Hi guys,
After having acne (12 years), seb derm (5 years), oily skin (don't know since when), dry skin (occasionally) I finally cured them all 100%. How? By not doing ANYTHING. And by learning not to care. At all. Seriously. While the healing of all these did not occur overnight, one thing changed immediately - I was feeling a free happy man after I stopped giving a rat's ass about such superficial problems; after I stopped looking myself in the mirror 5 times a day; after I started living without caring if I have a pimple if my face was peeling, if it felt oily or dry, or if it was hurting from a zyst, or however they call them big ones.
When did the healing happen? I have no idea. I just stopped paying attention to myself in the mirror so much. It went down pretty much like this - I was having a rough week in terms of everything - the result my face flamed with seb derm around my nose and all over my cheeks (I've never been so bad, usually it was just on the T-zone). It was itchy it was nasty - it was what AAAALLL the dermatologists called seb derm, or seborrhea (or even they don't know what exactly it is). Anyway on top of that I had it on top of that - on my scalp too. But I managed to top even that - I had acne zysts on my chin. It was bad. The worst I've ever had for the last altogether 12 years. What did I do? One thing. I decided - OK. I've been to enough dermatologists (more than 10 during the years), I have tried enough medcs (can't count them), I have tried enough diets (ANYTHING that was on the Internet I tried), so maybe it's time I stopped caring? Stop stressing about these superficial problems? Hell, if I got diagnosed with something serious tomorrow, G-d forbid, what kind of man would that make me, the one who sweats over a pimple or red skin?! And I have read enough psychiatrists' books saying it was the case with many cancer-stricken people, to say this a short while after being diagnosed - "cancer brought me back to life - I just stopped caring about meaningless stuff, and started living about the meaningful." So that day, that awful skin and everything else day I carved it as my principle "It is key to ones well-being to draw the line between the meaningful and the meaningless and live by it." Is it meaningful that I pay attention to such trivial, superficial problems such as acne seb derm, oily skin?! Hell, no. So I stopped paying attention. It was tough. In the first few days my face was both itching and hurting from the seb derm and acne. But I noticed the less I care and pay attention, the less it was hurting and itching. This tendency kept on for the next days.

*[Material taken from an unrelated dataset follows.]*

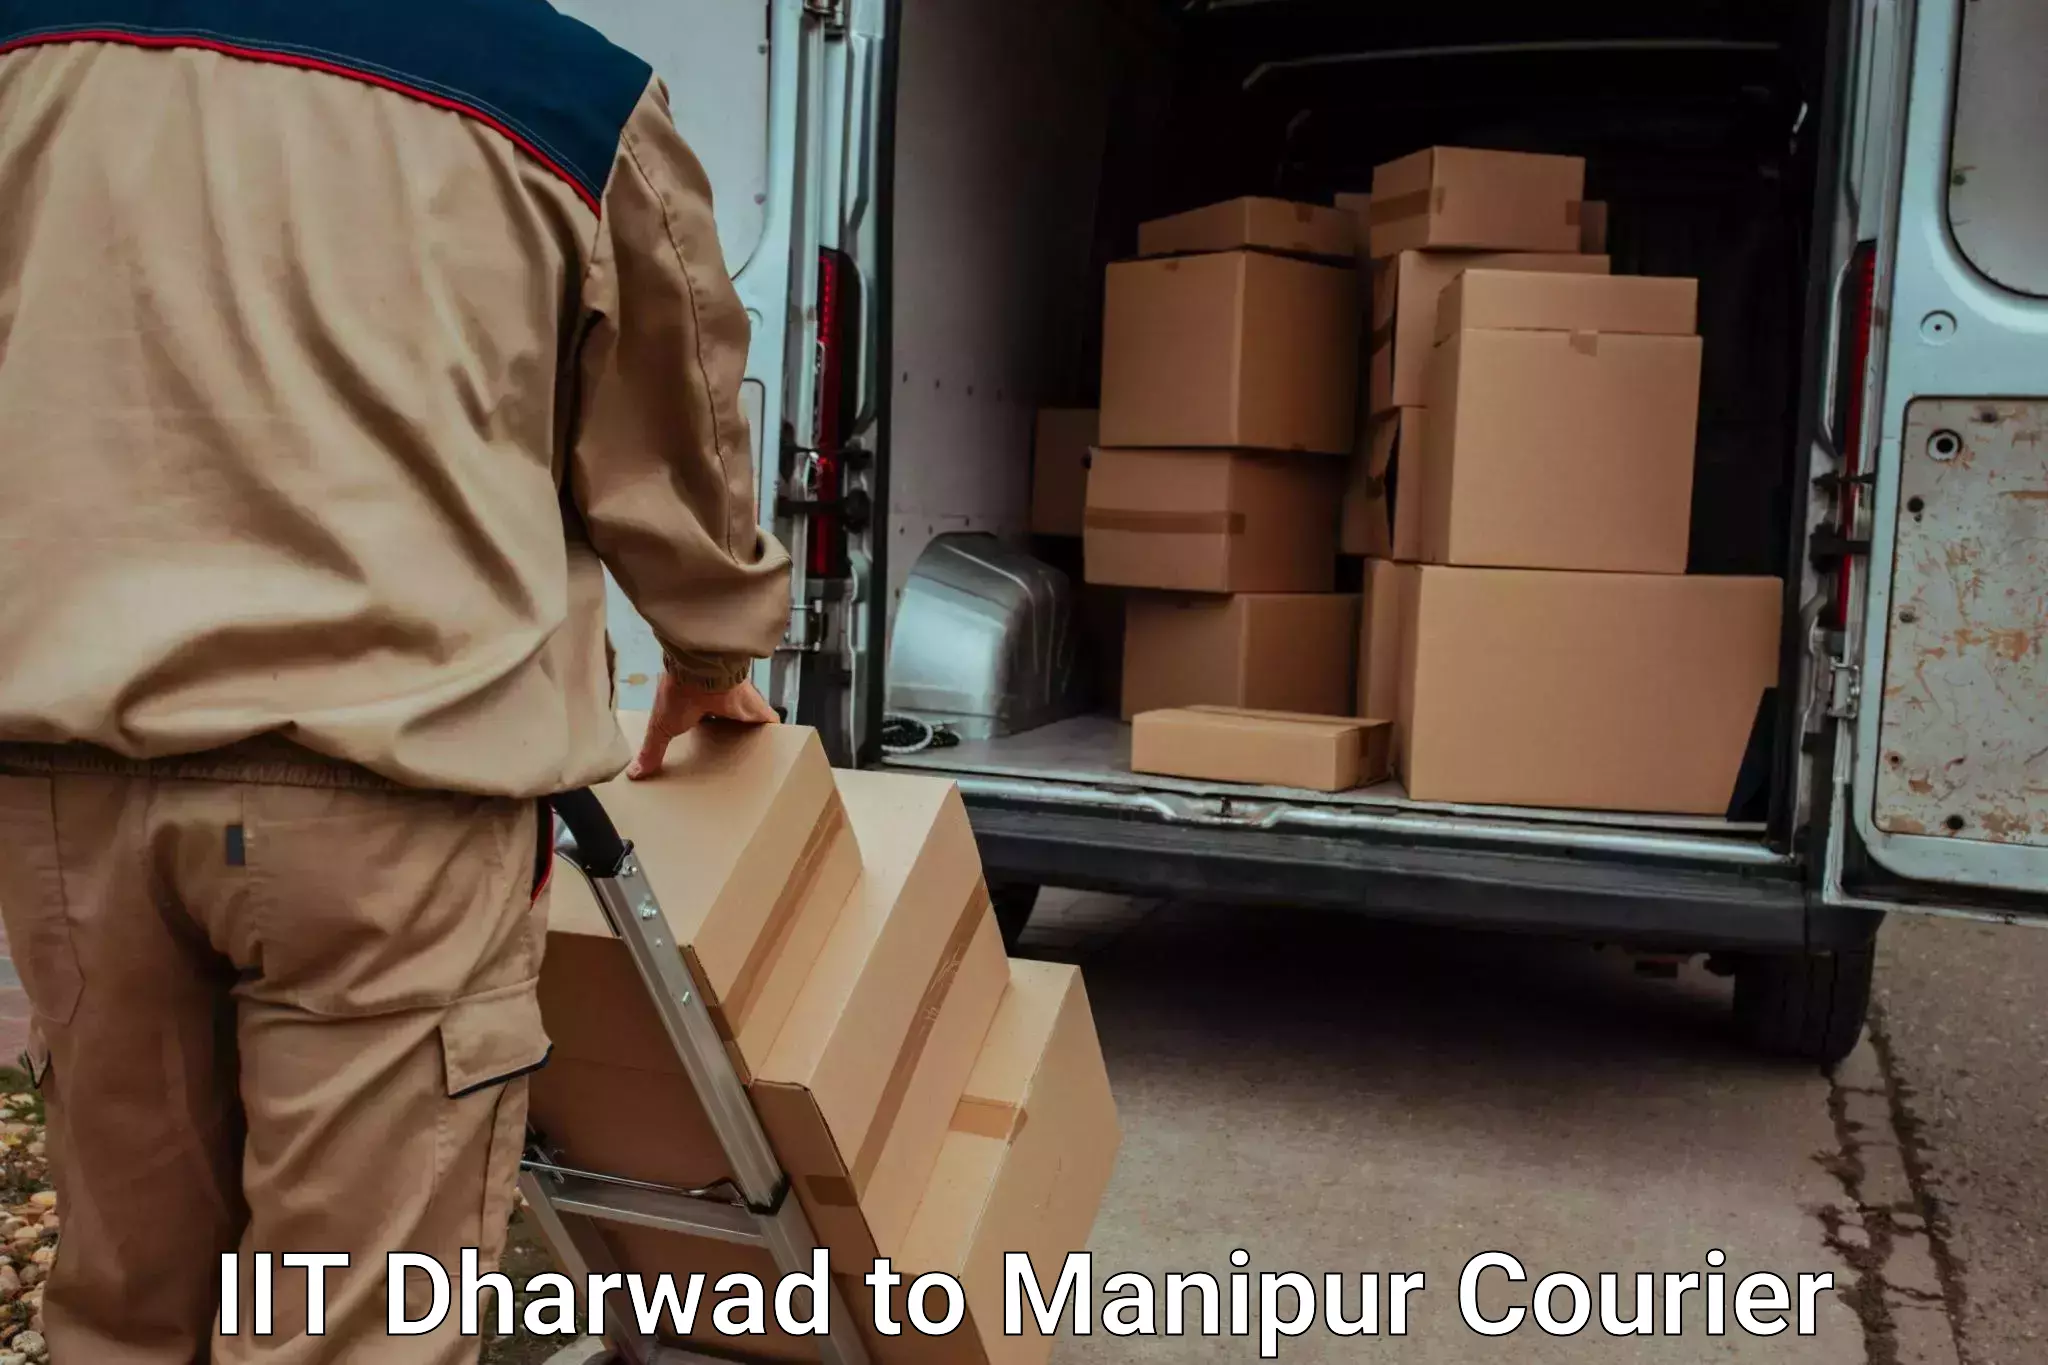 Furniture transport specialists IIT Dharwad to Manipur

A week later my mother asked me - "What did you do? These creams you are using seem to really help. You have nothing." I didn't even know. I looked myself in the mirror - nothing. My face was clean. Literally. No acne, no seb derm. Of course I still had my small acne marks.
Now. Truth be told. Occasionally I still feel my face itch and hurt a little. (Today it's 6 months after I stopped caring) But A) I still don't care about it B) its normal one does not heal their mind that quick after 12 years of paying too much attention to such bullshit and C) It's just itching and hurting - when I look myself in the mirror I have nothing.
Main point - after stopped caring I started feeling great about myself.
The reason why I am writing all this is that I wish it could help somebody.
On an unrelated note a couple of months ago I got fungi on my penile head. Ive had that a lot too over the years. Use condoms, people! Unless its the one you want to have kids with. This time same drill. No doctors, no meds. I said to myself if it doesnt heal in a week I will just put on one of the many creams I was prescribed with before. It was itchy and spreading, even more on the second day, a lot more on the third. Still I did not pay attention. On the forth less itching. On the fifth nothing. All clear.
I will leave my email address in case people have questions or are looking for advices for how to stop caring. Not that I am an authority in anything I am just sharing my story here. One thing I will not do however - indulge into any arguments. I won't. And I dont care if you believe or not, so I will not bother with any such emails too. Here is the email - {EMAIL REMOVED} (it's lame, I know, but dontcare was taken and so were most of its derivatives. So many "non-carers"! Wohoo!)
Have a great day!
I think there's some merit in what you say thesecretofnotcaring....
I'm sure that I break out when there's a lot of stress in my life and controlling stress levels could provide some relief for some people.
The only problem is that most people struggle to control stress! In the modern age we humans don't have immediate life threatening issues usually to trigger stress hormones and I think we have adapted to generate stress hormones in reaction to all kinds of first world problems.
Just saying, if the concept of just stopping caring seems as unrealistic to the folks out there as to me, that perhaps some yoga, meditation, a walk in the park, listening to music, laughing with friends or whatever reminds you that you are actually better off than some might be beneficial on multiple levels.
I think stressing does more harm for the skin whether it be sebderm, acne or oily skin. I found that by taking a few minutes out of my day to just relax and meditate has really helped. The more we scrutinize our skin problems the worse it is for us because its a never ending cycle of constant worrying and all stress is bad for our bodies. Getting into a strong mindset of indifference is great because why dwell on factors that you can't control. If anything it helps build character in ourselves.